How to make 3D density plot based on the class of the point

I am trying to make an XYZ plot of my data points. Each data has a value associated '1' error or '0' success. My data is in this link. As a first attempt, I have used splot

splot "data_all.dat" u 1:2:3:4 w points ls 1 palette title "P_{error}"

The problem with this plot is that it is not possible to distinguish well the relative position between points and their location in space. To solve it, a precedent question How to plot (x,y,z) points showing their density provides a solution which degrades the color based on the density of points.

I would like to extend that question by including the class of each point (error or success) in the criteria to color them. That is, take into account both types of points to make the coloring, and plot all the classes points.

I have not precise way to make the coloring but an idea could be of using a function like (1 - a) x (num_success_in_delta) + (a x num_errors_in_delta), where a is a real number [0,1] which weights the number of error and success points in a ball delta. Interpolation of XYZ points between error and success samples could be another way but I do not know how that it can be addressed in Gnuplot.

To improve the information of the density of points, if possible a projection of isolines or 2D density plot in the XY plane might be clarifying. I am looking to make an eps file to include as a figure in LaTeX with the quality that provides Gnuplot or pgfplots.

Regards

Solution

The code below is a slight modification of the solution here (How to plot (x,y,z) points showing their density). The occurrences for errors and success are counted in a certain volume (2*DeltaX x 2*DeltaY x 2*DeltaZ). The results are stored in a file, so, you have to do the counting only once (your 10'000 lines data took about 1h15min on my old PC). Maybe, the gnuplot code can be made more efficient. Well, then you take the second code below and quickly plot the resulting file. I am not sure which way of coloring is best. You can play with the color palette. Just as an example, the code below uses red (-1) for the maximum error count (i.e. density) and green (+1) for the maximum success density.
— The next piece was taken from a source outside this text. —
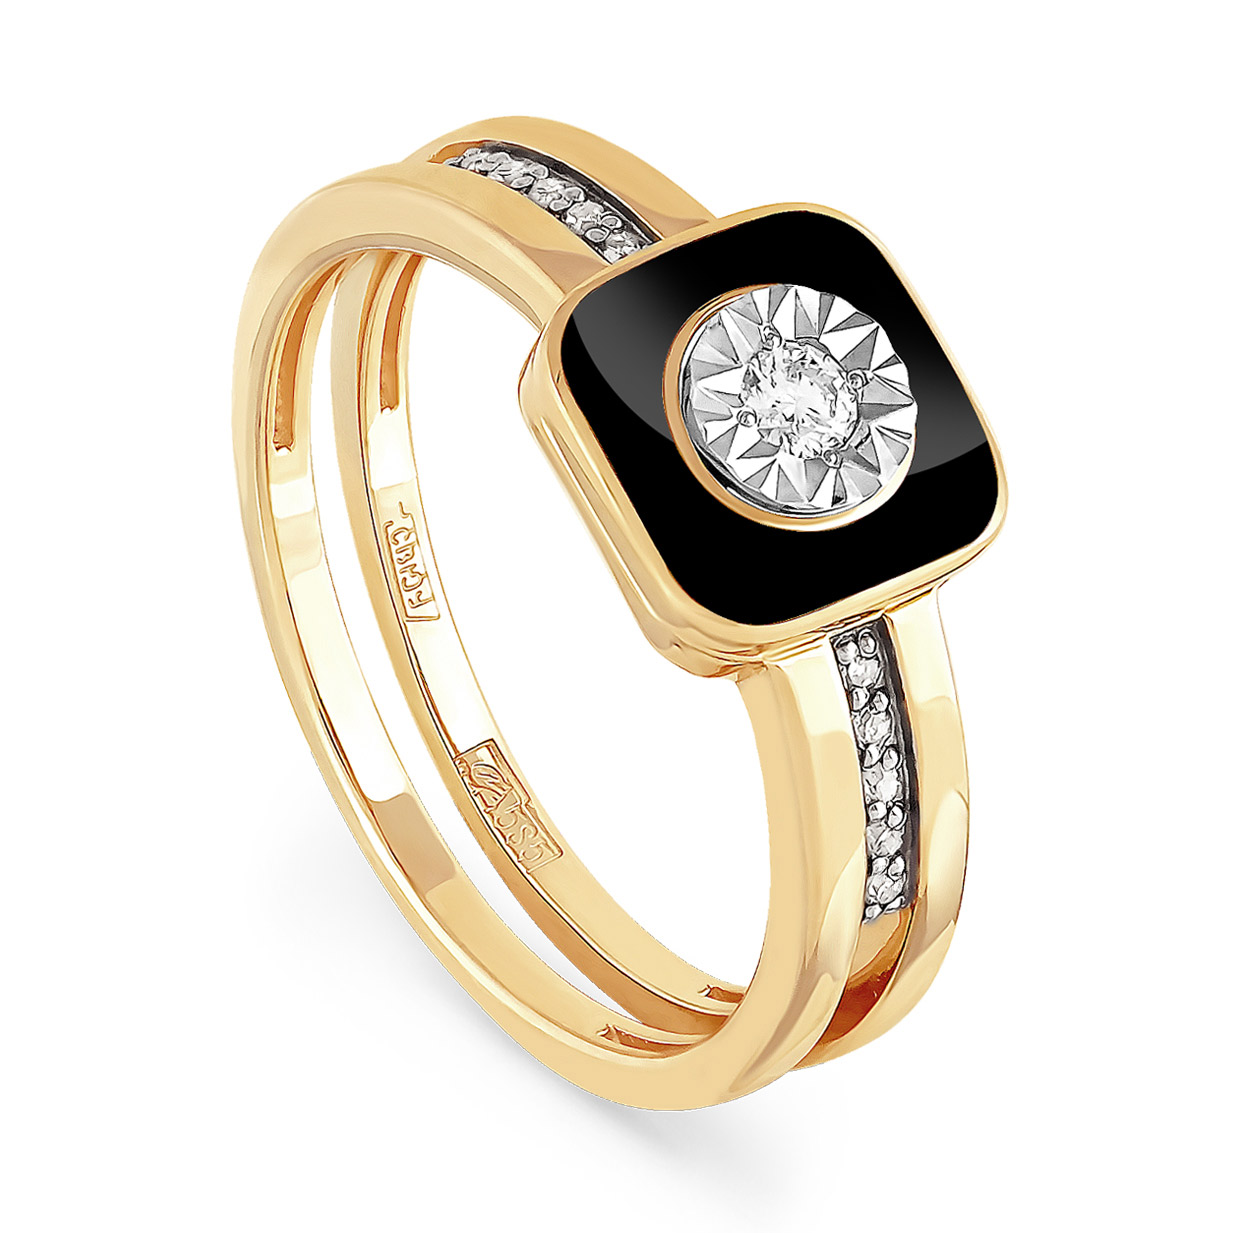 Кольцо из лимонного золота Бриллиант арт. 11-2804-1002 11-2804-1002

I Hope this somehow helpful as a starting point for further optimization.

### 3D density plot
reset session

FILE = "data_all.dat"

DeltaX = 0.5  # half boxwidth
DeltaY = 0.5  # half boxlength
DeltaZ = 0.5  # half boxheight

TimeStart = time(0.0)

# put the datafile/dataset into arrays
stats FILE nooutput
RowCount = STATS_records
array ColX[RowCount]
array ColY[RowCount]
array ColZ[RowCount]
array ColR[RowCount]   # Result 0=Success, 1=Error
array ColCE[RowCount]  # Counts Error
array ColCS[RowCount]  # Counts Success
do for [i=1:RowCount] {
set table $Dummy
    plot FILE u (ColX[$0+1]=$1,0):(ColY[$0+1]=$2,0):(ColZ[$0+1]=$3,0):(ColR[$0+1]=$4,0) with table
unset table
}

# look at each datapoint and its sourrounding
Error = 1
Success = 0
do for [i=1:RowCount] {
    print sprintf("Datapoint %g of %g",i,RowCount)
    x0 = ColX[i]
    y0 = ColY[i]
    z0 = ColZ[i]
    # count the datapoints with distances <Delta around the datapoint of interest
    set table $ErrorOccurrences
        plot FILE u ((abs(x0-$1)<DeltaX) & (abs(y0-$2)<DeltaY) & (abs(z0-$3)<DeltaZ) & ($4==Error)? 1 : 0):(1) smooth frequency
    unset table
    set table $SuccessOccurrences
        plot FILE u ((abs(x0-$1)<DeltaX) & (abs(y0-$2)<DeltaY) & (abs(z0-$3)<DeltaZ) & ($4==Success) ? 1 : 0):(1) smooth frequency
    unset table
    # extract the number from $Occurrences which will be used to color the datapoint
    set table $ErrorDummy
        plot $ErrorOccurrences u (c0=$2,0):($0) every ::1::1 with table
    unset table
    ColCE[i] = c0
    set table $SuccessDummy
        plot $SuccessOccurrences u (c0=$2,0):($0) every ::1::1 with table
    unset table
    ColCS[i] = c0
}

# put the arrays into a dataset again
set print $Data
do for [i=1:RowCount] {
    print sprintf("%g\t%g\t%g\t%g\t%g\t%g",ColX[i],ColY[i],ColZ[i],ColR[i],ColCE[i],ColCS[i])
}
set print

stats $Data u 5:6 nooutput
CEmax = STATS_max_x
CSmax = STATS_max_y
print CEmax, CSmax

TimeEnd = time(0.0)
print sprintf("Duration: %.3f sec",TimeEnd-TimeStart)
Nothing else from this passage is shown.